富山でオールロケが行われた本作には、撮影も兼任した木村のこだわりが詰め込まれている。冒頭の木村の言葉を受け、岡田は壇上でもらい泣き。西島から差し出されたハンカチで目を押さえながら「大作さんとともにやれてよかったです」となんとか声をしぼり出した。そして「大作さんが人生を懸けて立っているのを現場でも感じていました。1本1本思いを懸けて撮る、その背中を見せてもらった気がします」と続ける。
すると西島から「最後のカットを撮り終えたとき大作さんが倒れられたんです。もう変な話、このまま……(笑)」と裏話が。木村は撮影の日はコーヒーしか飲まないと説明したうえで「みんなから離れた場所まで行って吐いたら茶色だった。血だと思って俺もいよいよ終わりかと。でもラストカットで死んだらヒット間違いなし!と思いながら寝転んじゃった(笑)」と冗談交じりに話し、「そのあと栄養ドリンクを飲んだらケロっと治った」とオチを付ける。会場に笑いを起こしたところで、木村は「いつものようにやりましょうか!」としんみりとした空気を一蹴した。

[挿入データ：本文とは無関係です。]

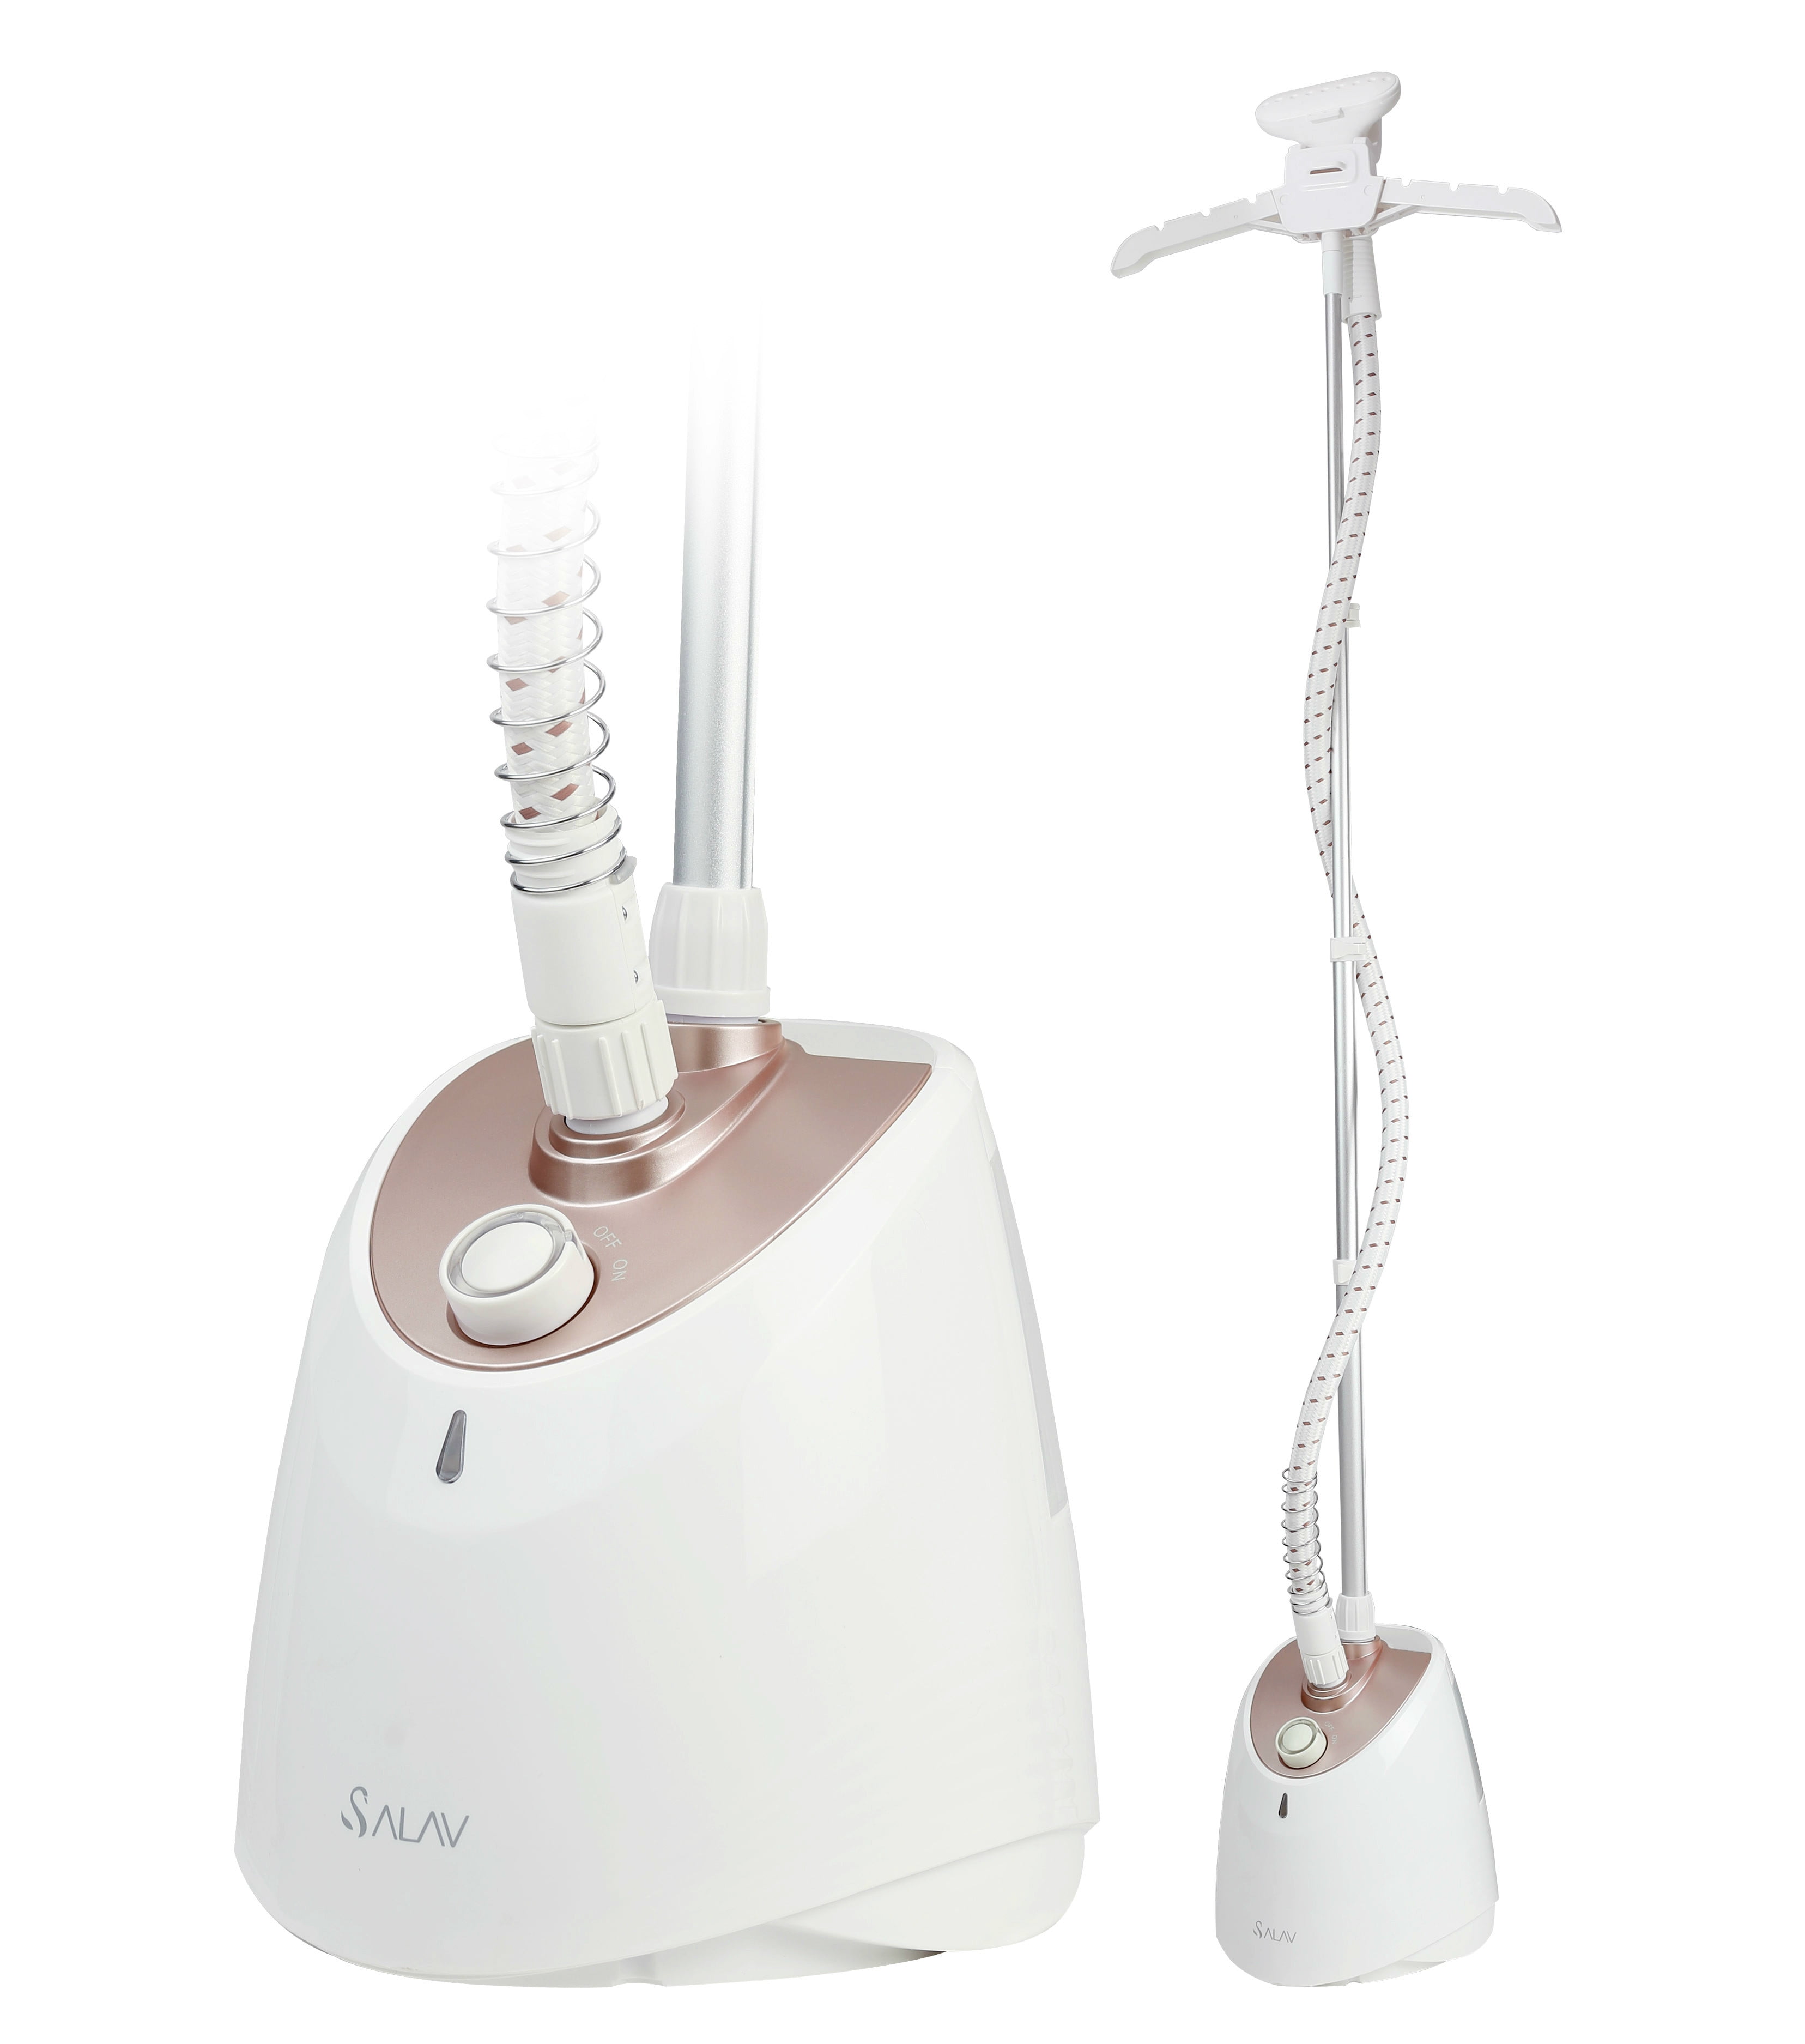 SALAV Gs34-bj 1500w Performance Garment Steamer With 360 Swivel Multi-hook and 4 for sale online

舞台挨拶では、キャスト陣が木村への思いを伝える流れに。池松は「言葉で教えてもらうこと、背中で教えてもらうこと、毎日いろいろありました」と感謝を伝えたのちに「遺作みたいな流れになってますけど大丈夫ですかね!? (映画を)お気に召さなかった方もいい感じに宣伝してもらわないと、本当に遺作になってしまうかもしれないので。よろしくお願いします」と木村への愛情をのぞかせる。
黒木は「『誰よりも美しく撮るから』と言ってくださって。自分自身なのであまり美しいとは思えないんですけど、映画の中では里美という女性が美しく映っていたので女優としてうれしかったです」と伝えて木村とハグ。西島は「この世界に入ったのが、とにかく撮影所に潜り込みたかったから。今回大作さんとご一緒して、撮影所の人たちの熱気ってまさにこれなんだと。後輩たちに本当の活動屋の息吹を毎日感じさせてくださいました」と胸中を明かした。

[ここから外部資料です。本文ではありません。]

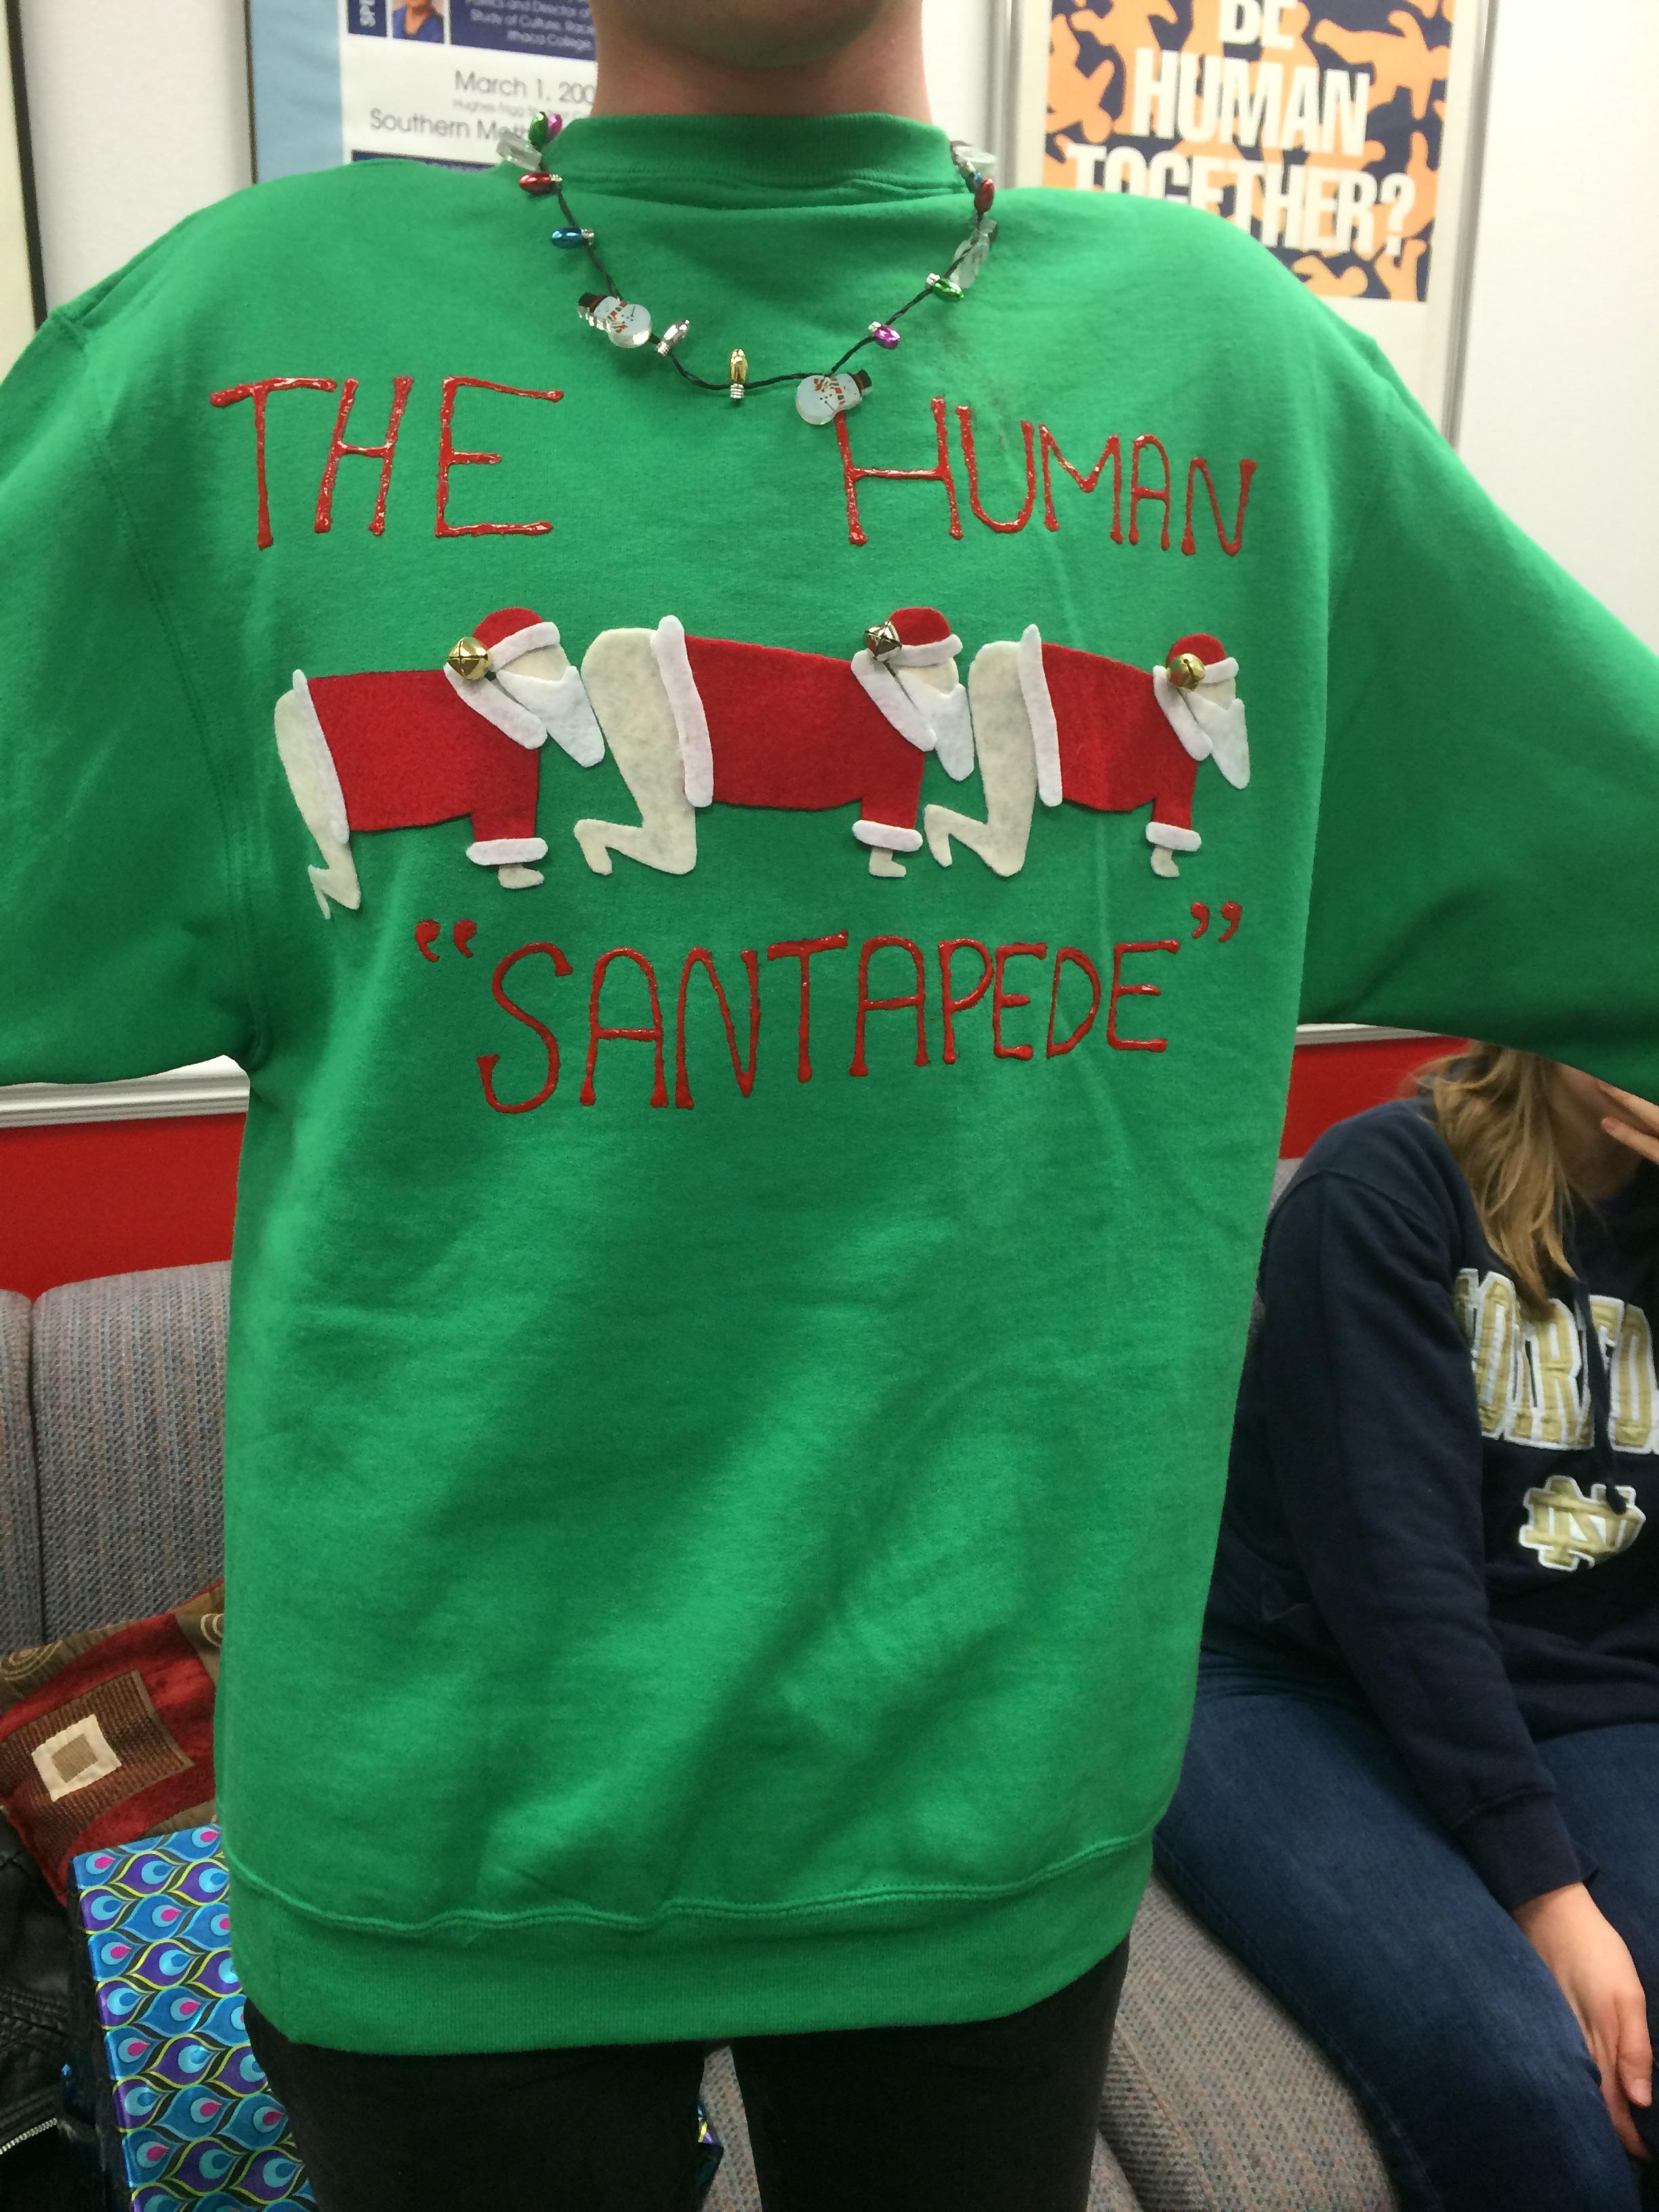 now this is a Christmas sweater

「大作さんが楽しんでるのがみんなの幸せでした」と撮影を振り返った岡田は、最後に再び涙で声を震わせる。「大作さんの孤独を知ったとき、一番の理解者でいたいと思いました。大先輩なのに端から聞いたらおかしいですけど、友のように思いながら一緒に撮影させてもらっていました」と静かに話すと、客席からもすすり泣きが聞こえてきた。
司会者から今の気持ちを尋ねられた木村は「泣けっつーの?」といつもの調子で返しつつ「これは嘘でなく、岡田さんは俳優さんの中で僕のことを一番詳しい人です。僕の過去も、考えてることも」と岡田への特別な思いを吐露。さらに共演者たちのことも「すごい俳優さんたちです!」とたたえ、会場に喝采を巻き起こす。フォトセッションではマスコミに向かって「これだけ撮ってんだから明日の新聞は大きいんだろうなー!」とプレッシャーをかけるなど、最後まで“木村節”を利かせていた。